(Source data)
+===+

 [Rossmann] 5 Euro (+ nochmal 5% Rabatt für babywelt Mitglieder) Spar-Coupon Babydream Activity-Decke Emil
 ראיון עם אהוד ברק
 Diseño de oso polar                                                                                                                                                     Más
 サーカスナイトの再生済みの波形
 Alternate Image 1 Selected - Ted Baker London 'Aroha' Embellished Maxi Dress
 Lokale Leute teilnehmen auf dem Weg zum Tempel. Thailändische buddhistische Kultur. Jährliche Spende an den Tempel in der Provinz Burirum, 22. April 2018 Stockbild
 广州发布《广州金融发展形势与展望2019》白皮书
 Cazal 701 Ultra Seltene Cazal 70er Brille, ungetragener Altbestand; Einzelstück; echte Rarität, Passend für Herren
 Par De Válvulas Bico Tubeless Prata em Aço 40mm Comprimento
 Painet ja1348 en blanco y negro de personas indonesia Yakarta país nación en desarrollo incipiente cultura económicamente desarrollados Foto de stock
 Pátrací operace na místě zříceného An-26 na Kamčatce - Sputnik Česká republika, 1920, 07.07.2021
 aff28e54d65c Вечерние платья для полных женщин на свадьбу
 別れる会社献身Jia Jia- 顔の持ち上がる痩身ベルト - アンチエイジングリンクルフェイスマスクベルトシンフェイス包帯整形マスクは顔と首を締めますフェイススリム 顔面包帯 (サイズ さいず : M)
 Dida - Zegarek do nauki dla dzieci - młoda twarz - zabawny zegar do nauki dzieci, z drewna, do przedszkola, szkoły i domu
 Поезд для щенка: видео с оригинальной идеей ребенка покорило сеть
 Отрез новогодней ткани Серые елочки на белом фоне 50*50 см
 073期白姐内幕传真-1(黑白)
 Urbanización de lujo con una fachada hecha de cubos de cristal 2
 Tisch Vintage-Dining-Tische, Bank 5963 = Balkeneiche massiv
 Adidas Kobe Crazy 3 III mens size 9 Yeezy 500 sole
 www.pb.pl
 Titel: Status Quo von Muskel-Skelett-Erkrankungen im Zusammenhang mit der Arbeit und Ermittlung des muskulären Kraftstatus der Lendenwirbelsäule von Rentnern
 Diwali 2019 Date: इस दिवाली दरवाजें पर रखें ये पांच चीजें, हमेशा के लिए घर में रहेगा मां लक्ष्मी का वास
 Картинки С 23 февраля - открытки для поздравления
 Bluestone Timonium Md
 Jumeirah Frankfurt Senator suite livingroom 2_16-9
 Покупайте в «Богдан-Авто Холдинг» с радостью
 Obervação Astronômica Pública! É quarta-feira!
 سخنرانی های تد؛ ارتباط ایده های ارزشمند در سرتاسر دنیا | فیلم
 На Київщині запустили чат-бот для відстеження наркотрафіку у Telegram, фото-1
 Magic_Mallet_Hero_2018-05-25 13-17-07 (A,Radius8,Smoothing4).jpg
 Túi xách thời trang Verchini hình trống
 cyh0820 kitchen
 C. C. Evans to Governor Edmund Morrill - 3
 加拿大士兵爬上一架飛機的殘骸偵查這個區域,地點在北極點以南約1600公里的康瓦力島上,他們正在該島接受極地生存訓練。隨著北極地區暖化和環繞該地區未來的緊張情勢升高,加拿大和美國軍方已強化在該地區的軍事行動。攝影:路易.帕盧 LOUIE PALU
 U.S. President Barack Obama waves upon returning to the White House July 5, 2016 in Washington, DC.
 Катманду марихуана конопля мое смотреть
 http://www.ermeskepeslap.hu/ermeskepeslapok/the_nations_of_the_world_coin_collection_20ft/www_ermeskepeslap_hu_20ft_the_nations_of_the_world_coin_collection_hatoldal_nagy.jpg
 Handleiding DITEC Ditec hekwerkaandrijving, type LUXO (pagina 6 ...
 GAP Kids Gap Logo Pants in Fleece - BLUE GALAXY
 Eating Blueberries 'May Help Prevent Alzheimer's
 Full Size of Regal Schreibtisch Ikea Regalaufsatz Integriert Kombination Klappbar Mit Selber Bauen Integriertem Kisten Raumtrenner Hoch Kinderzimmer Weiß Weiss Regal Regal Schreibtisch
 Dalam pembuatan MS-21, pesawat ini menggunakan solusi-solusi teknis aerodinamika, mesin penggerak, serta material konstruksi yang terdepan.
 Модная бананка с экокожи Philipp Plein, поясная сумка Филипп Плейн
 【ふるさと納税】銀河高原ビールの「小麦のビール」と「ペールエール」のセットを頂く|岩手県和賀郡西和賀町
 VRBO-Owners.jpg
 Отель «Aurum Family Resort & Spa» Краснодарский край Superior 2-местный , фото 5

+===+

## Required work
Output each entry exactly as written, leaving none out.

## Written solution
 [Rossmann] 5 Euro (+ nochmal 5% Rabatt für babywelt Mitglieder) Spar-Coupon Babydream Activity-Decke Emil
 ראיון עם אהוד ברק
 Diseño de oso polar                                                                                                                                                     Más
 サーカスナイトの再生済みの波形
 Alternate Image 1 Selected - Ted Baker London 'Aroha' Embellished Maxi Dress
 Lokale Leute teilnehmen auf dem Weg zum Tempel. Thailändische buddhistische Kultur. Jährliche Spende an den Tempel in der Provinz Burirum, 22. April 2018 Stockbild
 广州发布《广州金融发展形势与展望2019》白皮书
 Cazal 701 Ultra Seltene Cazal 70er Brille, ungetragener Altbestand; Einzelstück; echte Rarität, Passend für Herren
 Par De Válvulas Bico Tubeless Prata em Aço 40mm Comprimento
 Painet ja1348 en blanco y negro de personas indonesia Yakarta país nación en desarrollo incipiente cultura económicamente desarrollados Foto de stock
 Pátrací operace na místě zříceného An-26 na Kamčatce - Sputnik Česká republika, 1920, 07.07.2021
 aff28e54d65c Вечерние платья для полных женщин на свадьбу
 別れる会社献身Jia Jia- 顔の持ち上がる痩身ベルト - アンチエイジングリンクルフェイスマスクベルトシンフェイス包帯整形マスクは顔と首を締めますフェイススリム 顔面包帯 (サイズ さいず : M)
 Dida - Zegarek do nauki dla dzieci - młoda twarz - zabawny zegar do nauki dzieci, z drewna, do przedszkola, szkoły i domu
 Поезд для щенка: видео с оригинальной идеей ребенка покорило сеть
 Отрез новогодней ткани Серые елочки на белом фоне 50*50 см
 073期白姐内幕传真-1(黑白)
 Urbanización de lujo con una fachada hecha de cubos de cristal 2
 Tisch Vintage-Dining-Tische, Bank 5963 = Balkeneiche massiv
 Adidas Kobe Crazy 3 III mens size 9 Yeezy 500 sole
 www.pb.pl
 Titel: Status Quo von Muskel-Skelett-Erkrankungen im Zusammenhang mit der Arbeit und Ermittlung des muskulären Kraftstatus der Lendenwirbelsäule von Rentnern
 Diwali 2019 Date: इस दिवाली दरवाजें पर रखें ये पांच चीजें, हमेशा के लिए घर में रहेगा मां लक्ष्मी का वास
 Картинки С 23 февраля - открытки для поздравления
 Bluestone Timonium Md
 Jumeirah Frankfurt Senator suite livingroom 2_16-9
 Покупайте в «Богдан-Авто Холдинг» с радостью
 Obervação Astronômica Pública! É quarta-feira!
 سخنرانی های تد؛ ارتباط ایده های ارزشمند در سرتاسر دنیا | فیلم
 На Київщині запустили чат-бот для відстеження наркотрафіку у Telegram, фото-1
 Magic_Mallet_Hero_2018-05-25 13-17-07 (A,Radius8,Smoothing4).jpg
 Túi xách thời trang Verchini hình trống
 cyh0820 kitchen
 C. C. Evans to Governor Edmund Morrill - 3
 加拿大士兵爬上一架飛機的殘骸偵查這個區域,地點在北極點以南約1600公里的康瓦力島上,他們正在該島接受極地生存訓練。隨著北極地區暖化和環繞該地區未來的緊張情勢升高,加拿大和美國軍方已強化在該地區的軍事行動。攝影:路易.帕盧 LOUIE PALU
 U.S. President Barack Obama waves upon returning to the White House July 5, 2016 in Washington, DC.
 Катманду марихуана конопля мое смотреть
 http://www.ermeskepeslap.hu/ermeskepeslapok/the_nations_of_the_world_coin_collection_20ft/www_ermeskepeslap_hu_20ft_the_nations_of_the_world_coin_collection_hatoldal_nagy.jpg
 Handleiding DITEC Ditec hekwerkaandrijving, type LUXO (pagina 6 ...
 GAP Kids Gap Logo Pants in Fleece - BLUE GALAXY
 Eating Blueberries 'May Help Prevent Alzheimer's
 Full Size of Regal Schreibtisch Ikea Regalaufsatz Integriert Kombination Klappbar Mit Selber Bauen Integriertem Kisten Raumtrenner Hoch Kinderzimmer Weiß Weiss Regal Regal Schreibtisch
 Dalam pembuatan MS-21, pesawat ini menggunakan solusi-solusi teknis aerodinamika, mesin penggerak, serta material konstruksi yang terdepan.
 Модная бананка с экокожи Philipp Plein, поясная сумка Филипп Плейн
 【ふるさと納税】銀河高原ビールの「小麦のビール」と「ペールエール」のセットを頂く|岩手県和賀郡西和賀町
 VRBO-Owners.jpg
 Отель «Aurum Family Resort & Spa» Краснодарский край Superior 2-местный , фото 5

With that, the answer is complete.